(转)Functional C# - Fun With Folds
原文: http://weblogs.asp.net/podwysocki/archive/2009/02/26/functional-c-fun-with-folds.aspx
Recently on Twitter, I’ve stated that many times when explaining these functional programming terms that we don’t get the real reason why, and I hope with some of these posts in the future to change that perception. Instead of just showing you some examples, I’ll try to step from imperative to functional.
In my previous adventure “Fun With Folds”, I explained a bit about folds as well as a challenge to rewrite some standard Haskell prelude functions as folds in both Haskell and F#. After this, I thought to myself that I’d give myself another challenge, this time to implement several functions as folds in C# using the Aggregate operator.
Aggregate / Fold in LINQ
If you recall from the previous post, I explained the basic notion of folds. A fold is a higher-order function that knows how to reduce a given a sequence of elements into a single return value. We could describe it as doing something to each value in the list, updating an accumulator as we go, and returning the value of the accumulator when we’re finished. There are two sorts of folds, a left fold and a right fold. The difference is the way the data is "folded".
The LINQ Aggregate function is an implementation of a left fold.

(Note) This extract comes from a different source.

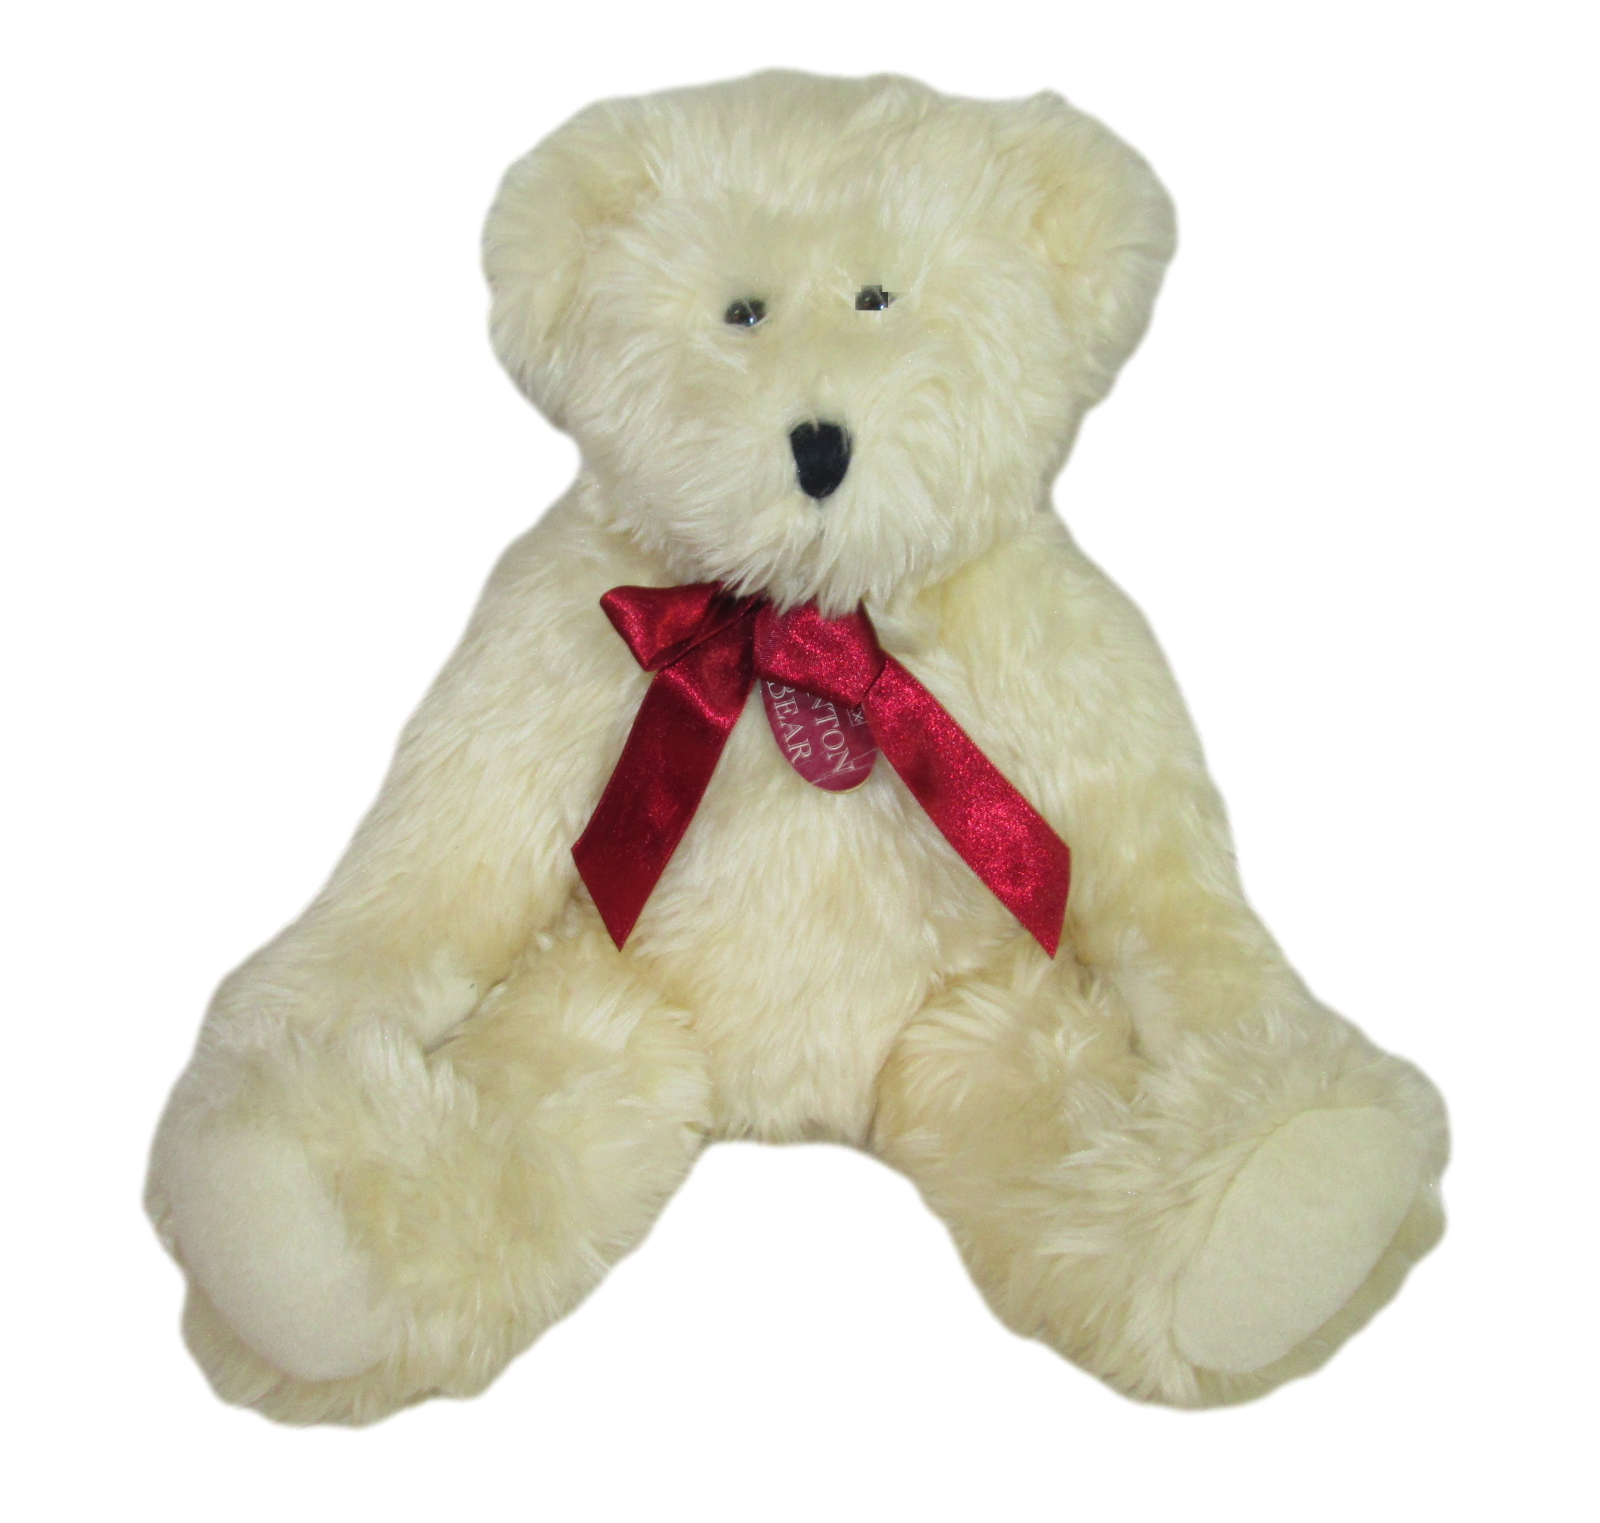 Primary image for Benton Teddy Bear Plush 12" Vintage 1998 Matrix Ivory JcPenny Stuffed Animal
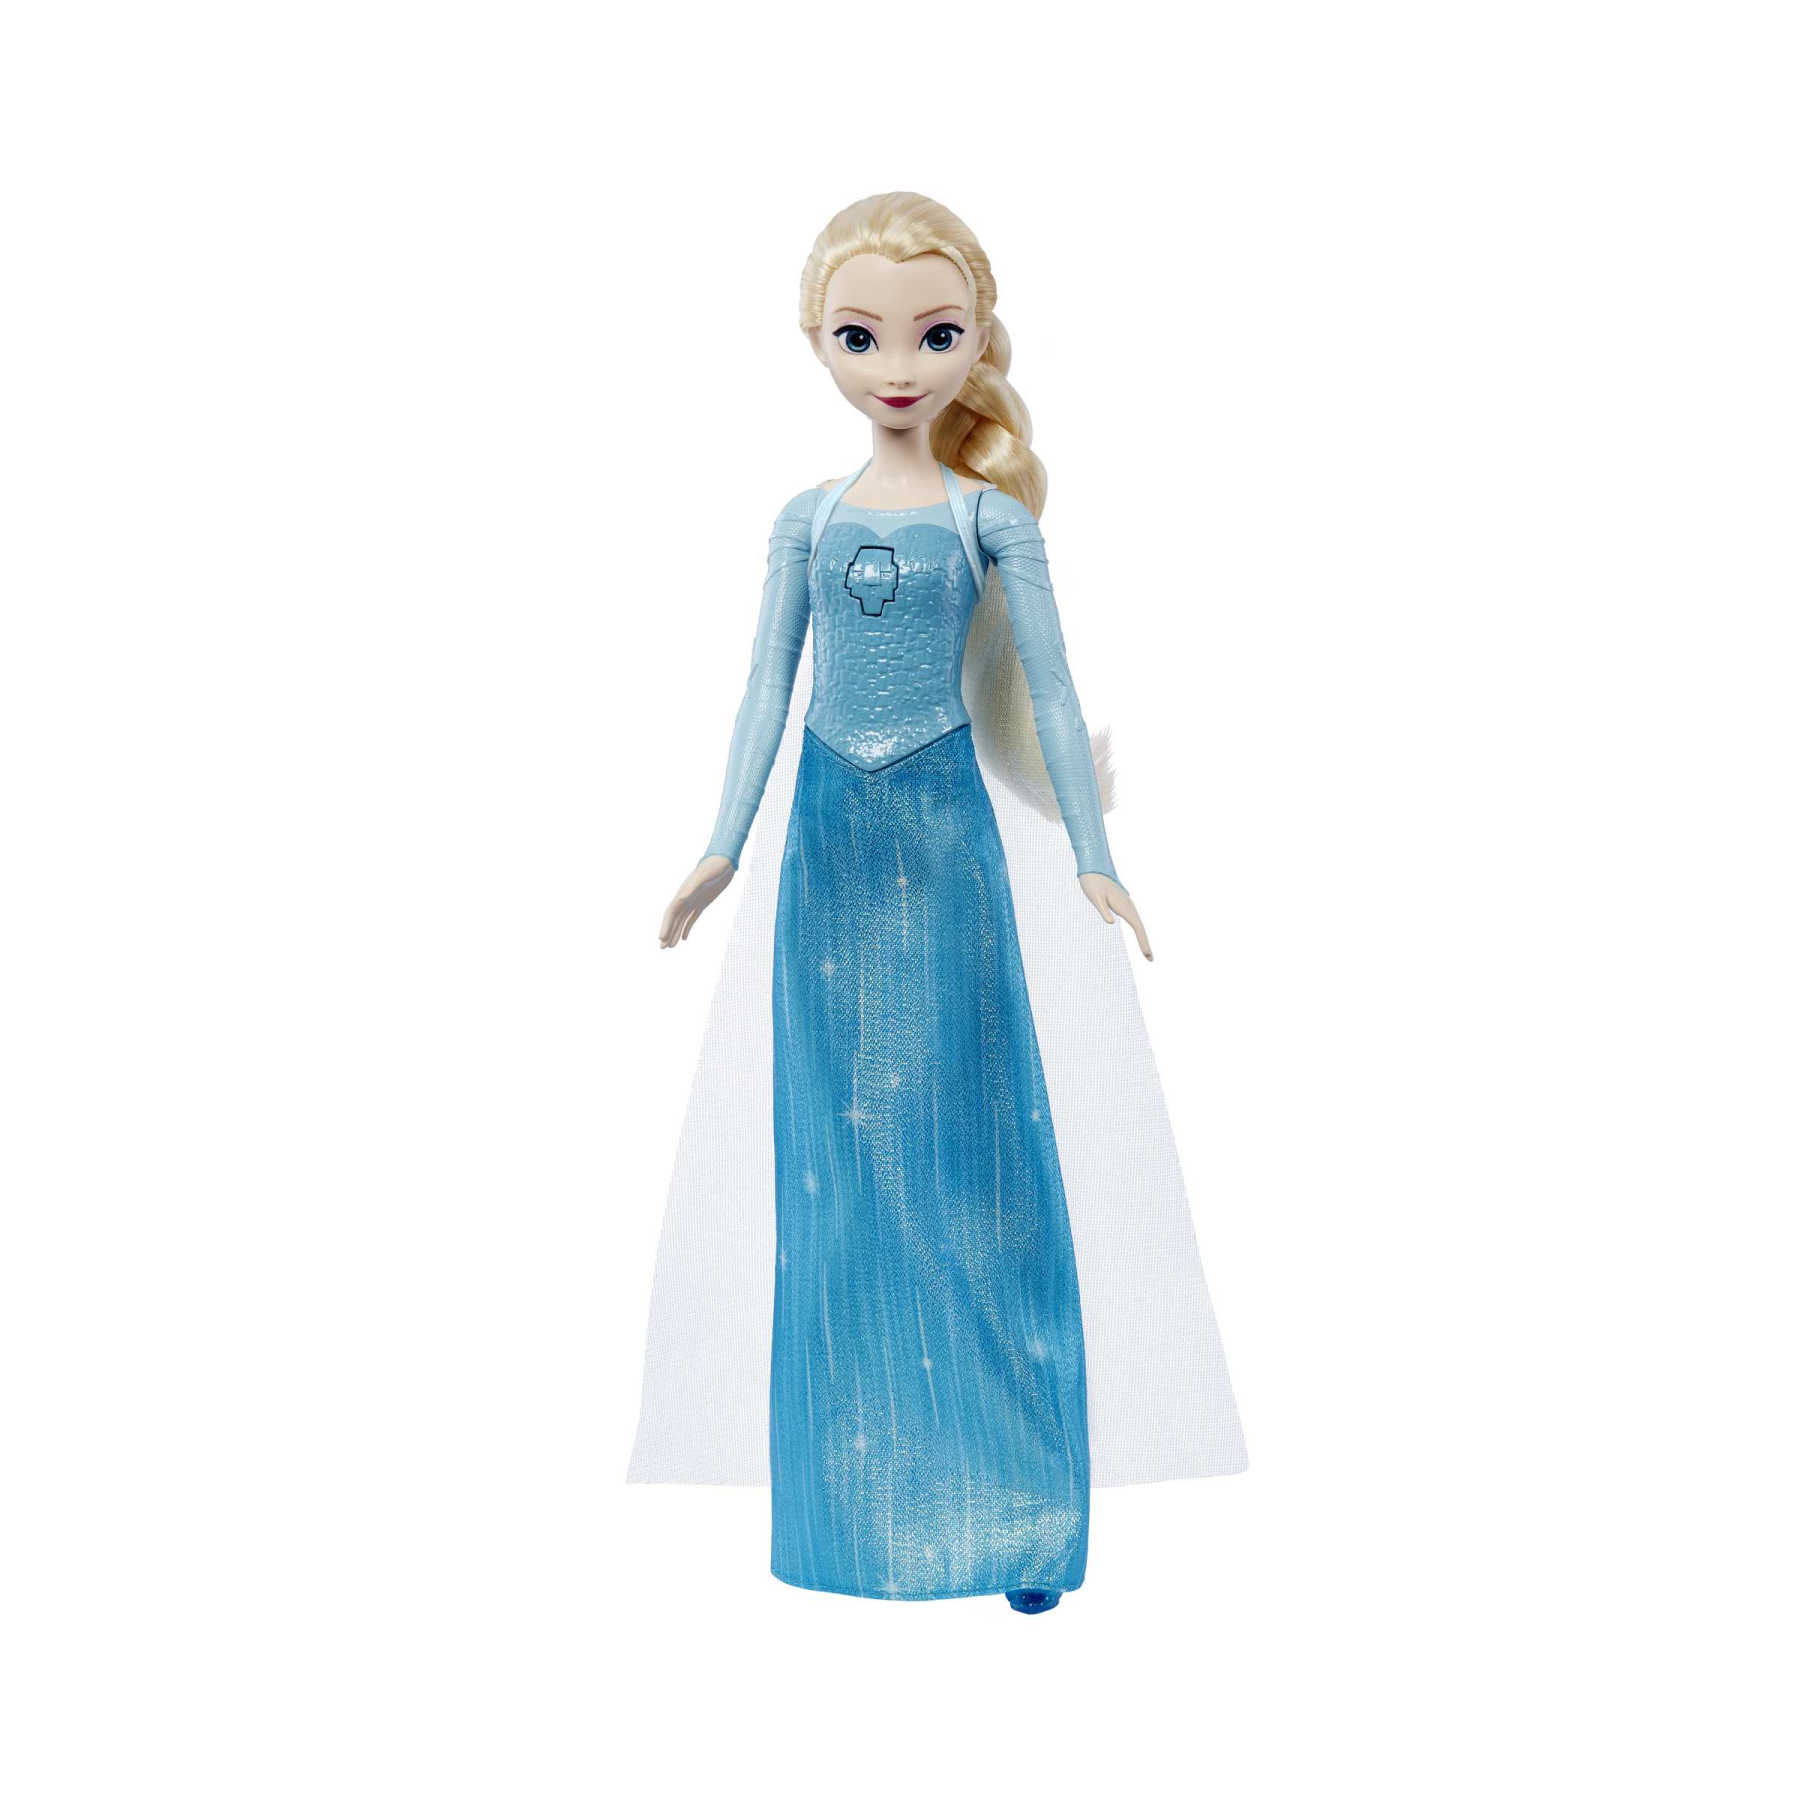 Disney frozen - elsa all'alba sorgerò, bambola con look esclusivo, canta “all'alba sorgerò” dal film disney frozen, giocattolo per bambini, 3+ anni, hmg33 - Frozen

Let’s look at the signatures of the Aggregate overloads to get an idea of how they work:
// Apply an accumulator function over the sequence
public static TSource Aggregate<TSource>(
this IEnumerable<TSource> source,
Func<TSource, TSource, TSource> func);
// Apply accumulator with initial seed
public static TAccumulate Aggregate<TSource, TAccumulate>(
this IEnumerable<TSource> source,
TAccumulate seed,
Func<TAccumulate, TSource, TAccumulate> func);
// Apply accumulator with initial seed and projection
public static TResult Aggregate<TSource, TAccumulate, TResult>(
this IEnumerable<TSource> source,
TAccumulate seed,
Func<TAccumulate, TSource, TAccumulate> func,
Func<TAccumulate, TResult> resultSelector);
So, what can we do with this knowledge? Some of the easy LINQ operators that you can implement with a left fold are Sum and Count. Let’s implement each with a set of tests to verify behavior.
Count
The first item is to calculate the number of all items in the list. Traditionally, in a more imperative coding style, you might calculate it in the following style:
public static int CountItems<T>(
this IEnumerable<T> items)
{
var count = 0;
foreach (var _ in items)
count++;
return count;
}
Instead, we could implement as a left fold in order to reuse existing higher-order functions and write in a bit more functional style. Let’s write a test to verify the behavior of our CountItems and the Count LINQ operator. Since these can be described as purely functional, we could write them as property-based checks ala QuickCheck. Alas, QuickCheck does not exist for C#, so instead, we could do one better and use Pex to generate our test data and use xUnit.net to do our assertions. Our code might look like the following:
[PexClass(typeof(Extensions))]
public partial class ExtensionsSpecs
{
[PexMethod]
public void CountItems_should_equal_Count(
[PexAssumeNotNull]int[] items)
{
Assert.Equal(items.Count(), items.CountItems());
}
}
public static class Extensions
{
public static int CountItems<T>(this IEnumerable<T> source)
{
return source.Aggregate(0, (acc, x) => 1 + acc);
}
}
What this allows us to do is generate a non-null array of integers to test whether the property of my CountItems should always equal the Count function. We can then run Pex to verify this behavior. But, getting back to the CountItems function, we simply seed the length with a 0 and then with the accumulator and our current index, we add 1 to the accumulator which is then returned.
Sum
The second easy LINQ operator you can implement as a fold would be the Sum function. This function simply adds all of the numbers from the sequence together from left to right. Typically in an imperative coding style, it might look like the following:
public static int SumNums(this IEnumerable<int> items)
{
var acc = 0;
foreach(var item in items)
acc += item;
return acc;
}
Once again, we can eliminate the foreach loops with a fold once again in a manner very similar to above. While using Pex, we can write our property based tests and our implementation as follows:
[PexClass(typeof(Extensions))]
public partial class ExtensionsSpecs
{
[PexMethod]
public void SumInt_should_equal_Sum(
[PexAssumeNotNull]int[] items)
{
Assert.Equal(items.Sum(), items.SumInt());
}
}
public static class Extensions
{
public static int SumInt(this IEnumerable<int> source)
{
return source.Aggregate(0, (acc, x) => x + acc);
}
}
This time, instead of adding one to the accumulator, we are adding the current item. We are using a seed of 0 because if the list is empty, there will be no proper return value. These are interesting, yet simple examples of how you can use higher-order functions to express simple operations and lets you lose that for/each loop.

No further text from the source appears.